The Shed, Part 2

Well this is gonna be long, boring, and full of text and links. Maybe a couple pictures? We’ll see what we can do I guess. Starting from the absolute basics I guess.

Construction

Roxul R14 ComfortBatt insulation: It’s made of rock wool so it’s nicer to deal with than pink fiberglass. You should wear a dust mask when handling it but it’s easily cut with a bread knife and while it’s still a little itchy, it’s not the claw-your-skin-off sensation that you can get from the other stuff. Obviously cellulose isn’t a possibility since mushrooms can eat it. Closed-cell foam would be an option but it seemed like it would have been a nightmare with the uneven studs. Obviously buy the appropriate thickness for whatever studs you have.

6 mil vapor barrier, sheathing tape, staples, screws: It’s building supplies. What can I say.

Pond liner: This stuff is very decently thick and has enough traction that I’m not worried about putting anything else like bar mats down on the floor. It DOES stink a bit for its first while in a warm environment, but just keep the air moving.

Sashco Lexel sealant/adhesive: I love this stuff. Dries clear, paintable, can be applied to wet surfaces, very flexible when cured, etc. It’s also full of godawful solvents so actually do use it in a decently ventilated area. I think I went through 4 tubes of this stuff. You could use pretty much any silicone or construction adhesive suitable for your materials though.

Ventilation/Humidity/Heat

Pest-resistant dryer vent: Has a cheesy little screen over it to keep rodents out. Probably doesn’t work very well, cover it with something more sturdy if you ACTUALLY have pest problems. Make sure the flapper opens fully when the fan is on and closes fully when it’s off. If it doesn’t close fully (due to positive pressure from air intake etc), you can put a small weight on it like a washer or coin. Being fully closed will help keep insects out when the fan isn’t blowing.
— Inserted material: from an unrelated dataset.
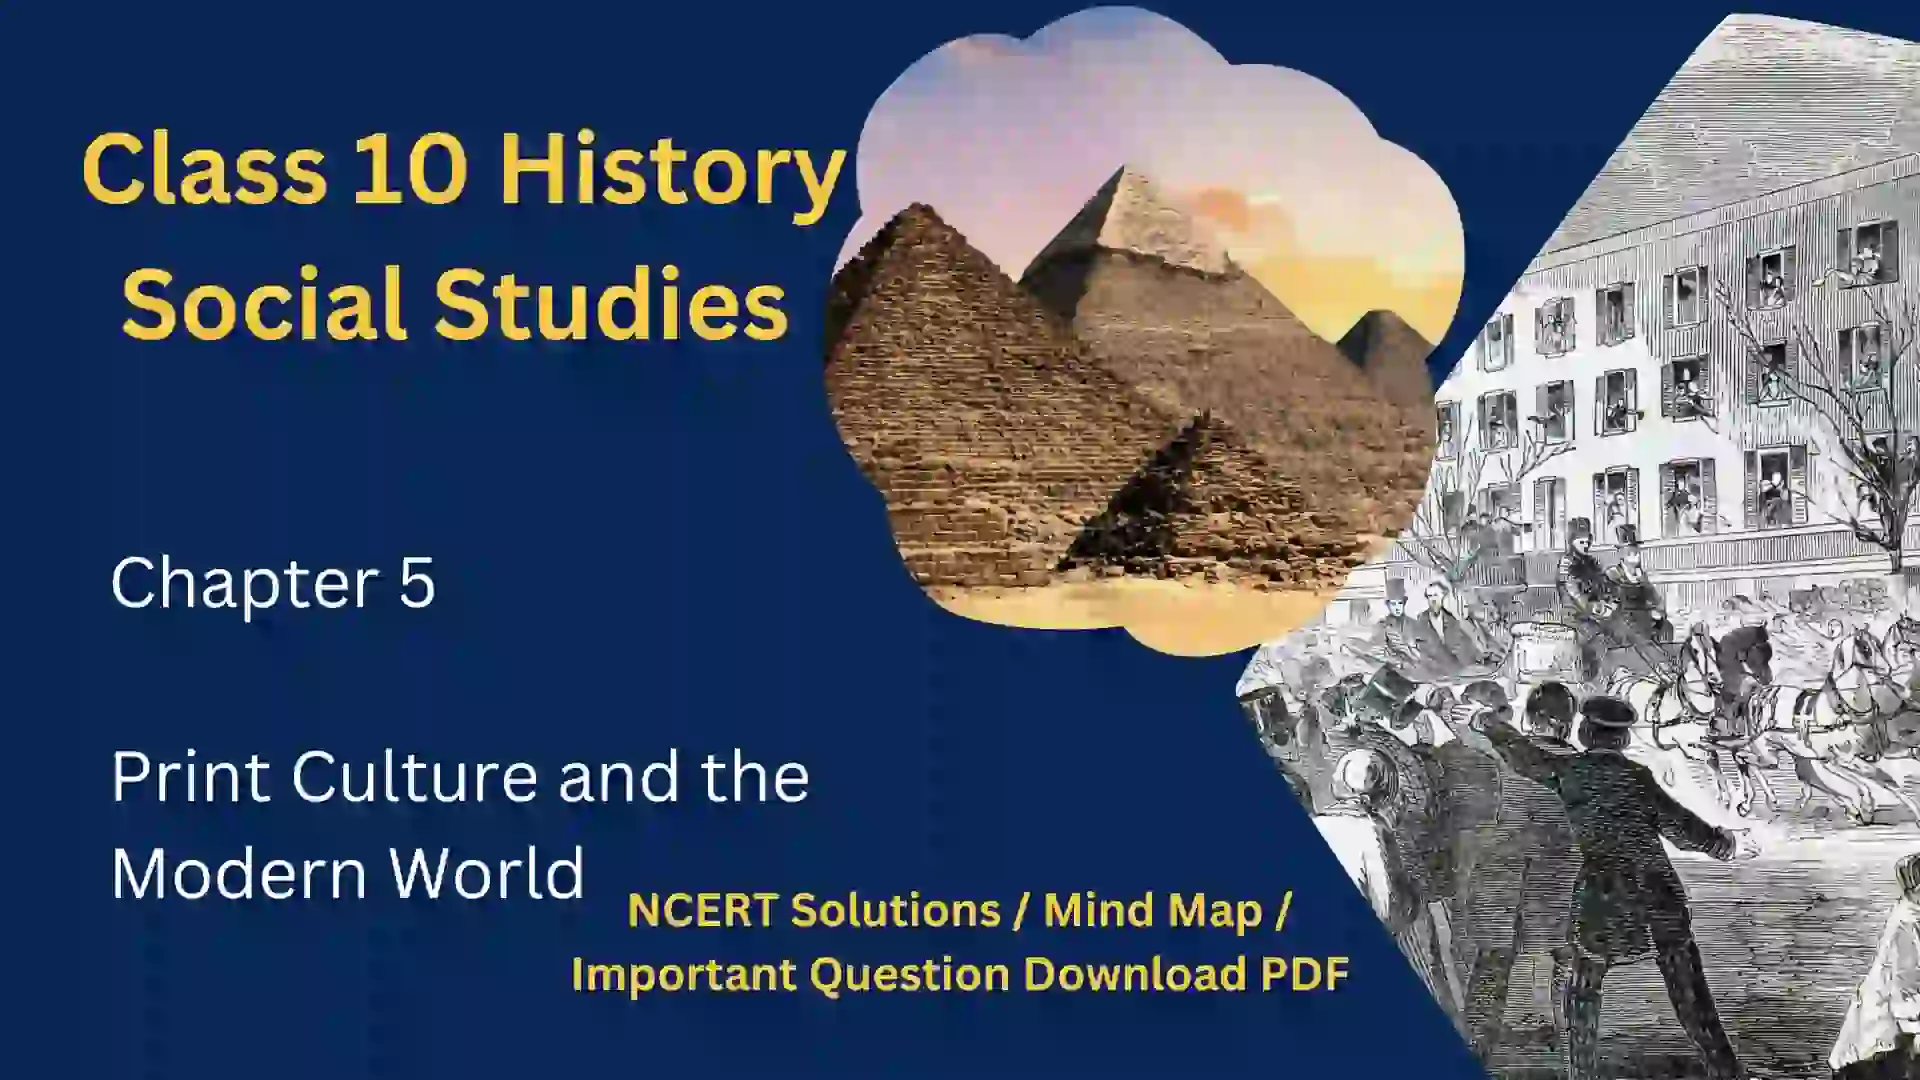 Class 10 Social Studies History Chapter 5 Print Culture and the Modern World

4″ extractor fan: You should ideally get an exhaust fan that’s actually intended to work at absurd relative humidity. Y’know, for safety and so you’re not buying another one every 3 months. This one has two speed settings, you can change it by opening up the compartment the power cable goes into. I guess you could put this on the inside or the outside, depending how much you cared about outside noise.

A couple 5V blower fans: One for the fogger, one to gently assist with air intake. They’re surprisingly durable, and it’s hard to get too freaked out over 5 volts. If your humidifier is outside the fruiting area, these will probably last a long time, since that one shouldn’t actually be pulling humid air. If you’re using a giant barrel for a fogger you might need something a little bigger like this handy dandy but not TOO powerful version of the extractor fan.
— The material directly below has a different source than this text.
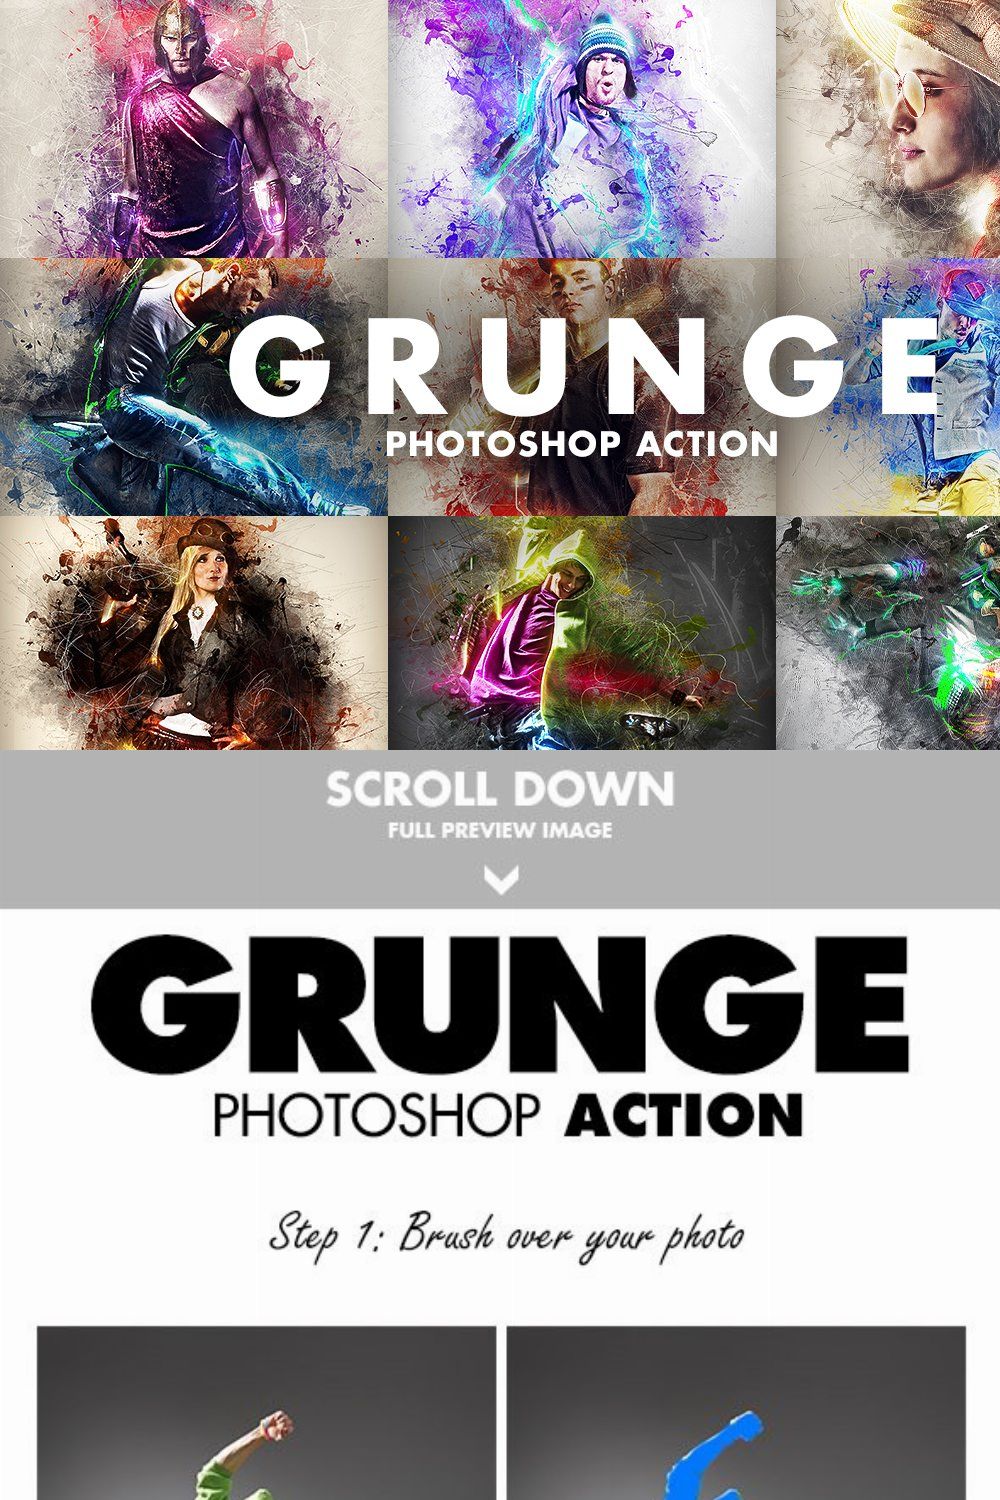 Grunge Photoshop Action pinterest preview image.

A suitable tote/barrel: Or however you make your fogger. Ideally a very large bucket. Find what works for you (and what’s big enough to fit your fogger unit.)

A 6-head pond fogger: Also the included float and power supply. These things can in theory blow through a gallon of water in an hour and a half. Realistically not so much, but it is still a LOT of fog. It’s about the perfect size both for this space and with the heater running as often as it does. If in doubt about which to get, go bigger, you’re probably going to be putting it on a controller anyways.

A cheap little fan heater: Worked well enough to keep me warm while I was working in there but I’ll be getting something better.

Inkbird IHC200 humidity controller: Same one most people use. Make sure the sensor doesn’t get wet, it’s good to build a little hat over it to prevent condensation. The sensors still aren’t gonna last forever. It’ll take a bit of experimenting to get the various parameters set so it’s how you want it, but after that it just does its thing as long as you make sure the fogger has water. The cool thing is that it also has a dehumidifier output – you probably won’t be using a dehumidifier obviously, but you could use it to turn on a second intake fan or something.

Inkbird ITC1000 temperature controller: Not pre-wired, just so you know. Apparently you save thirty bucks if you can wire it up yourself. Obviously only do this if you’re comfortable working with line voltage. Also has an ‘alarm’ relay feature that I haven’t used.

UPDATE: I’ve switched to the Inkbird ITC-308 temperature controller, which does both heating and cooling. This unit is pre-wired.

Lighting

A whole bunch of these LED strips: They’re 16 feet long, and I wanted 8′ lengths so it’s perfect. It’s cuttable every few inches. There’s a whole bunch of LED strips you can get, but this one is specifically 6500k, waterproof, super bright, and with (not 600, 300) total LEDs per strip. Note that this does not include a power supply. The power supplies some of them come with can only power one strip. I’ve tried two, it was not a good idea. All come with one end wired with a plug, once you cut it you’ll need to wire a plug onto the other end. UPDATE: The 600-LED string appears to no longer be available, the links is for a 300-LED unit of brighter LEDs.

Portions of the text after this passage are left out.